"""

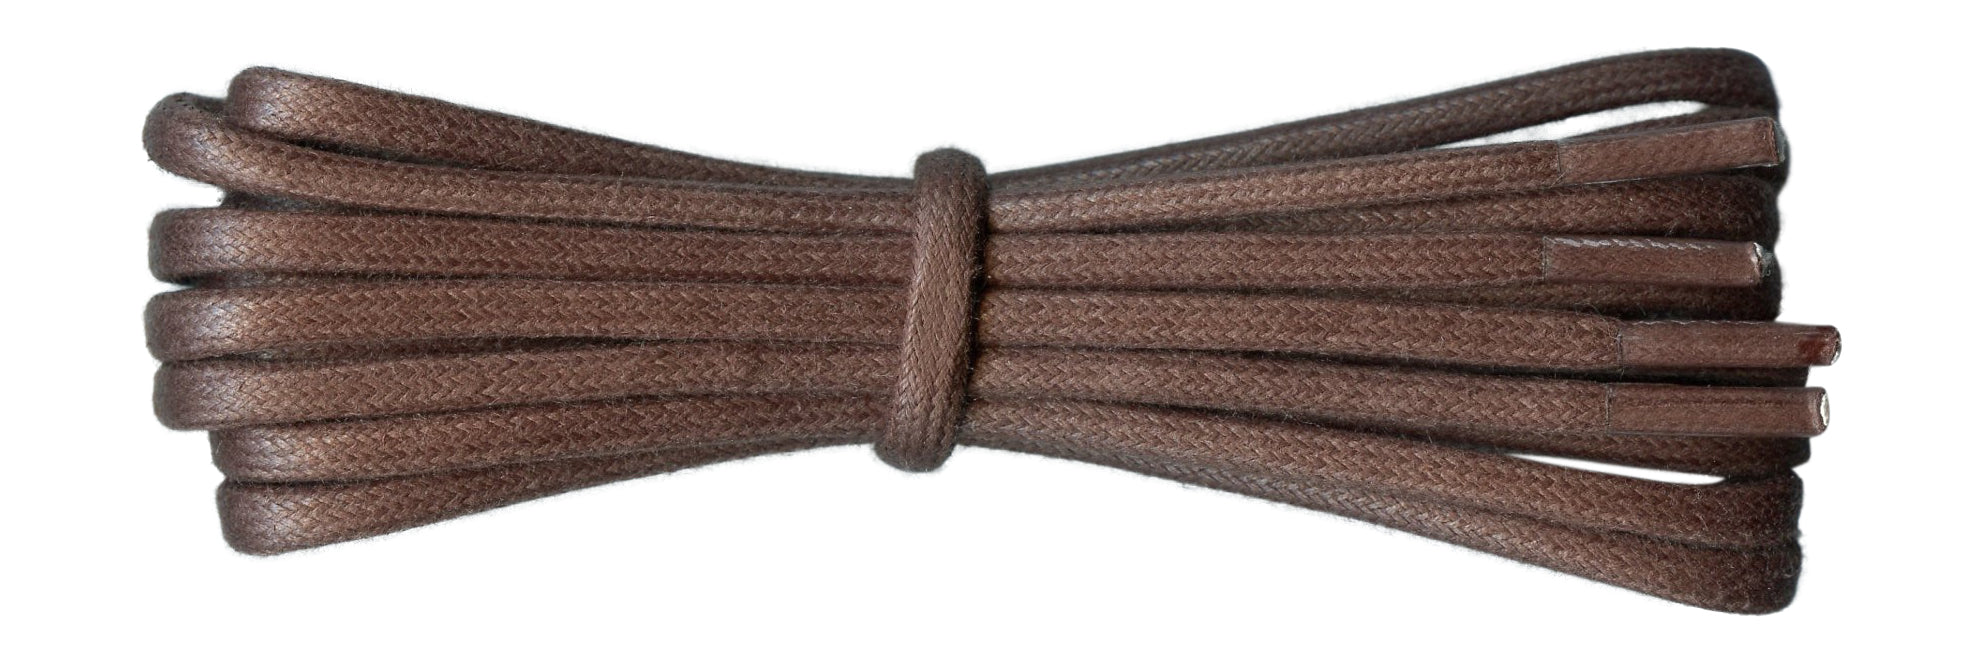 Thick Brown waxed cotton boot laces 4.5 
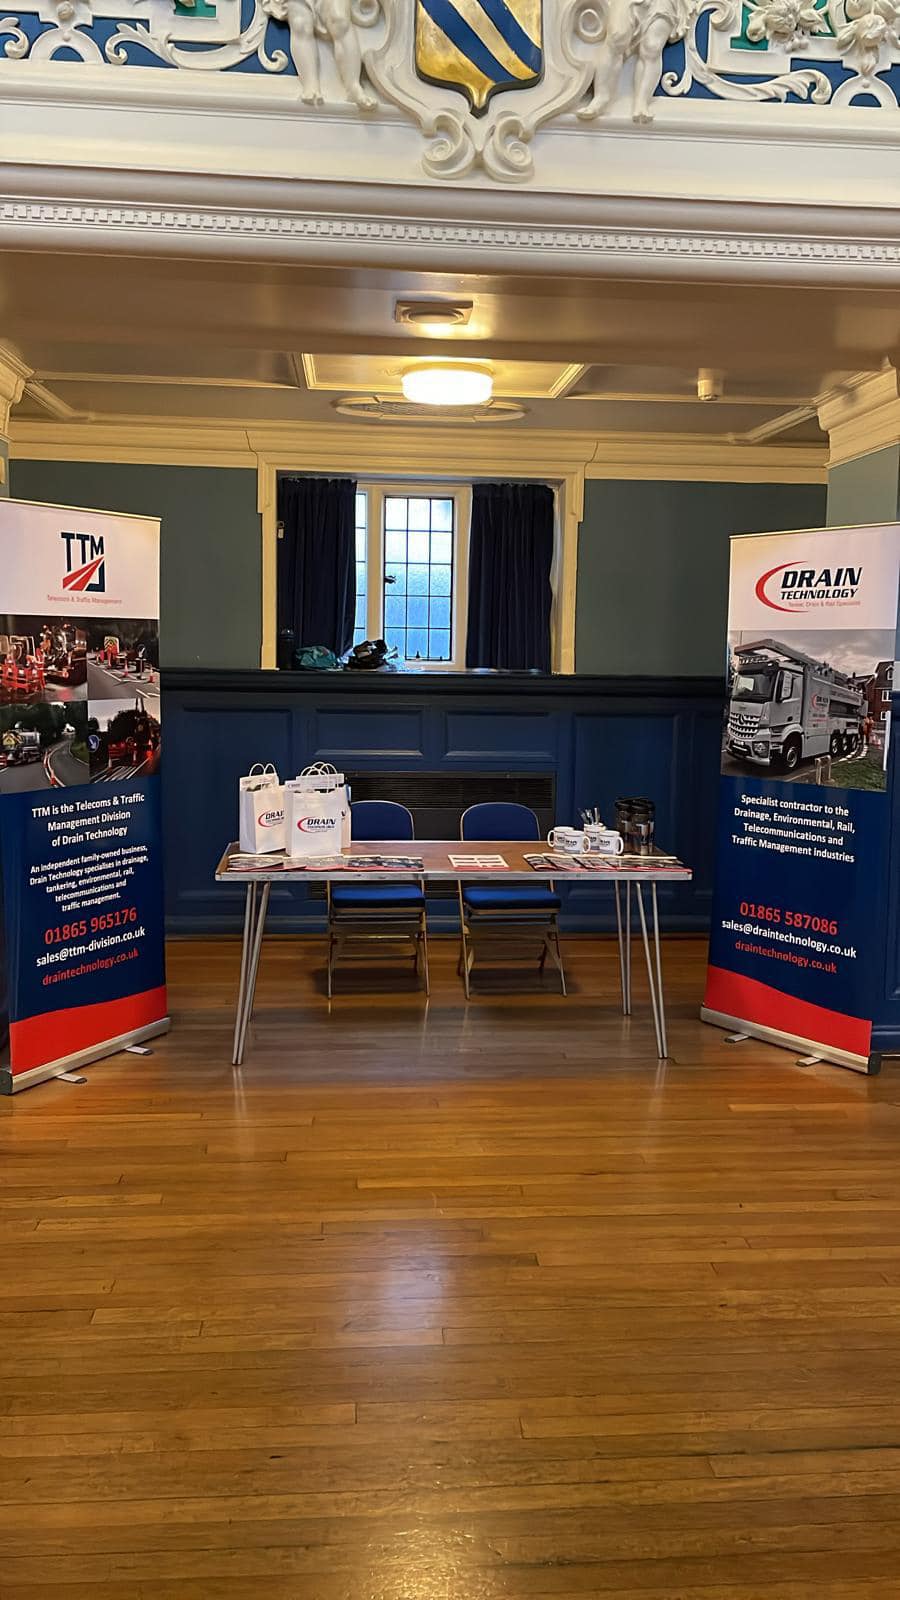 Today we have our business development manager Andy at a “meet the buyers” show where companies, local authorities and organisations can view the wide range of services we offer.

"""
"""

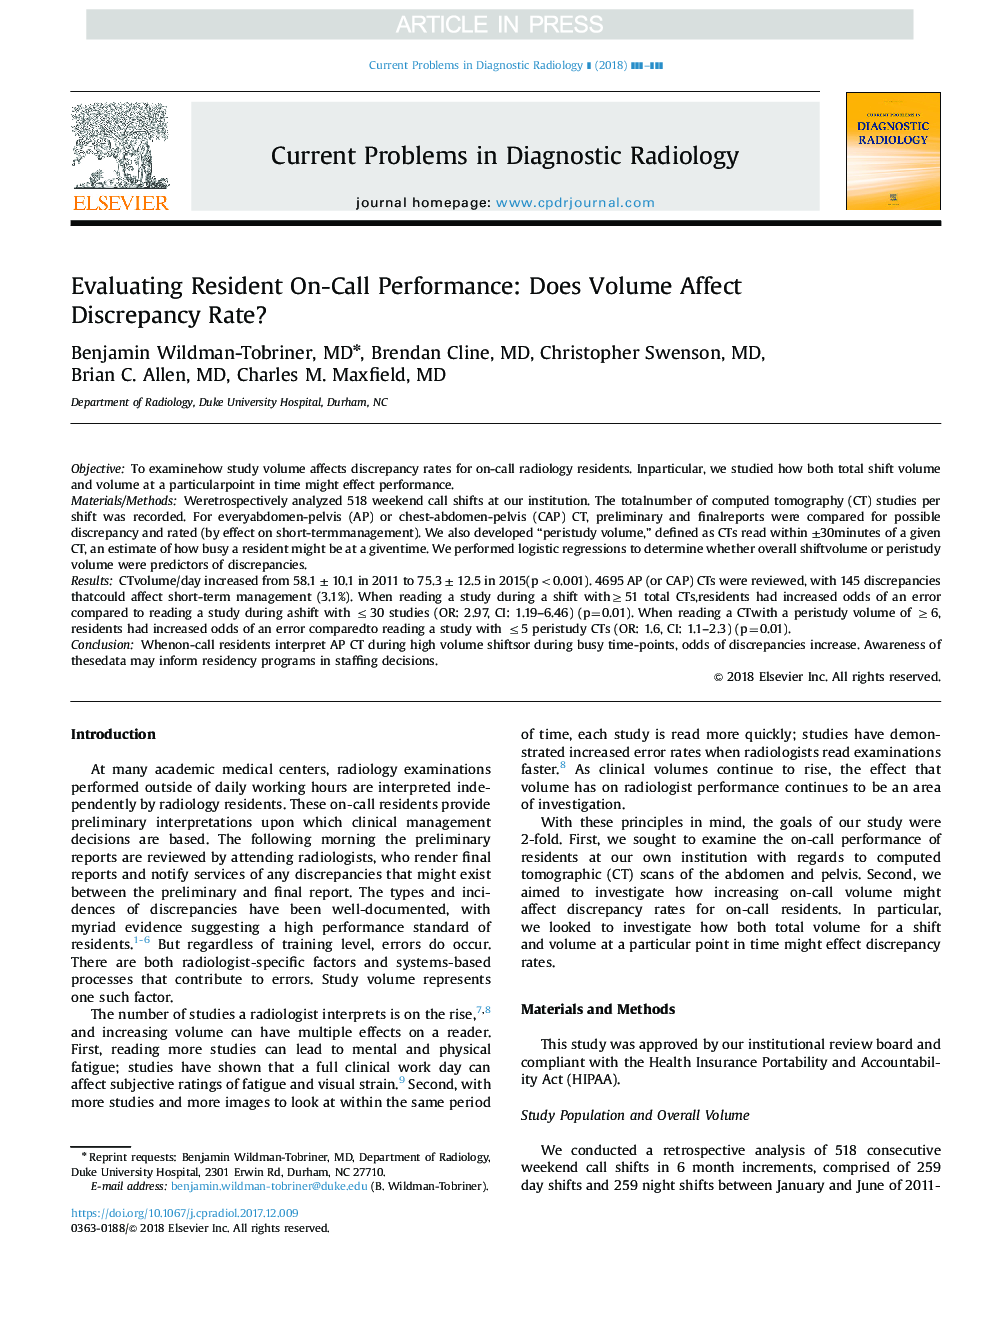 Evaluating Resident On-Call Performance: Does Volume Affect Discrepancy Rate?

"""

What is needed
Above are some records. Output exactly the lines from the one that contains "Thick Brown waxed cotton boot laces 4.5" to the one that contains "Today we have", keeping both, and omit the pictures.

Solution
 Thick Brown waxed cotton boot laces 4.5 
 Today we have our business development manager Andy at a “meet the buyers” show where companies, local authorities and organisations can view the wide range of services we offer.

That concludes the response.